RENO, Nev. (KOLO) - O.J. Simpson has spent the last nine years behind bars at the Lovelock Correctional Center, and July 20, 2017 he'll have a chance to ask for parole.
This isn't his first attempt at release. Back in July of 2013 he appeared in front of a two-member parole board panel.
He was asking for leniency on his prison sentence stemming from a 2007 incident in Las Vegas, where he and colleagues stormed a hotel room and tried to get Simpson's person property back from memorabilia collectors.
“The difference between all of their crimes and mine is they were trying to steal other people's property. They were trying to steal other people's money. My crime was trying to retrieve for my family, my own property,” Simpson told the parole panel members.
Simpson told the panel he regretted his actions that night.
The two-member panel noted Simpson was on good behavior during his five years in prison. Their recommendation was considered by the entire board, and six days later, Simpson was granted parole on two kidnapping and robbery convictions and one burglary with a firearm conviction.
"His key to the door is a lot closer... because he now may be paroled on those remaining charges," said Ronald Richards, a defense attorney at the time of the decision. Richards wasn’t too far off.

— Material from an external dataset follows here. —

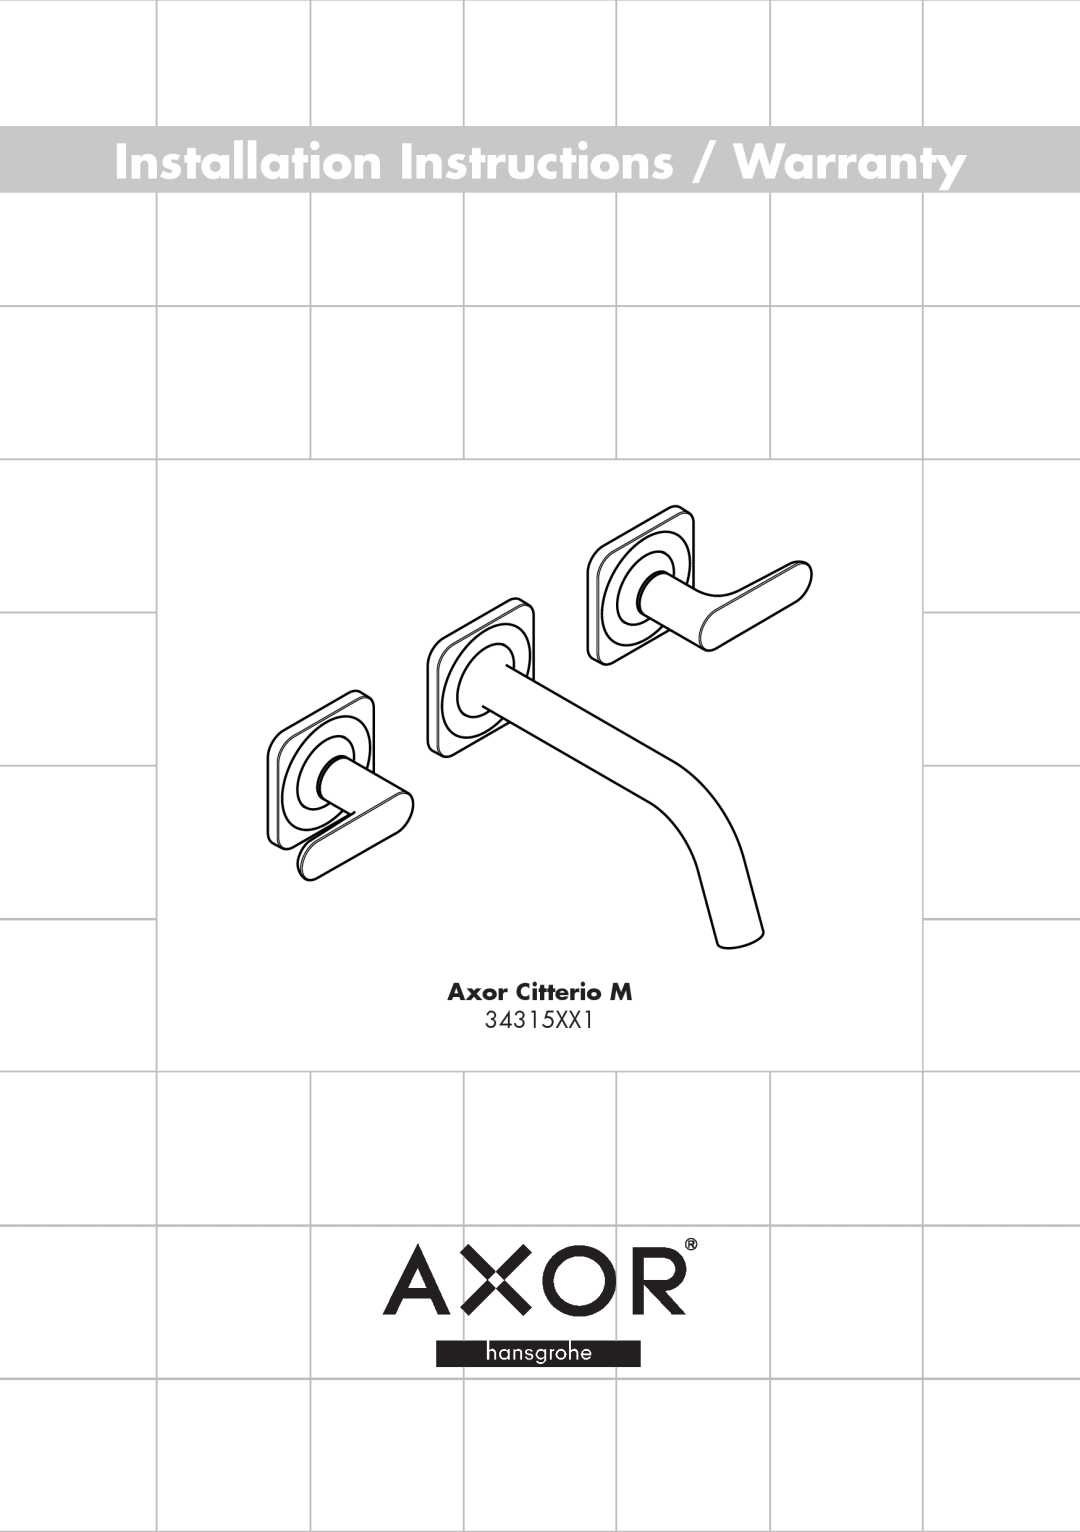 Axor 34315XX1 installation instructions Installation Instructions / Warranty, Axor Citterio M

July 20 of 2017, the nearly-entire seven-member parole commission will consider Simpson's sentences for four robbery with a deadly weapon and two assault with a deadly weapon convictions.
Six board members will look at parole for Simpson. A seventh member needs to be appointed by the governor and that’s not expected until after Simpson’s hearing.
They will look at a variety of things, including a pre-sentence investigation examined by the court. The board will also look at a report prepared by the Department of Corrections looking at Simpson's behavior in prison.
They'll consider parole risks and score Simpson on things like participating in correction's programs, and discipline while behind bars, and active gang membership if any.
While there are six board members, only four of them in Carson City will make the initial decision on Simpson's parole. If they cannot come up with a unanimous decision, two members listening passively in Clark County will be called upon to vote until there are four votes to grant or deny parole.
If Simpson is granted parole he will not be released from the prison in Lovelock until October 2017. He’ll be under supervision until 2022.
If the board denies parole, Simpson can try again in three years to be released on parole for those crimes committed back in 2007.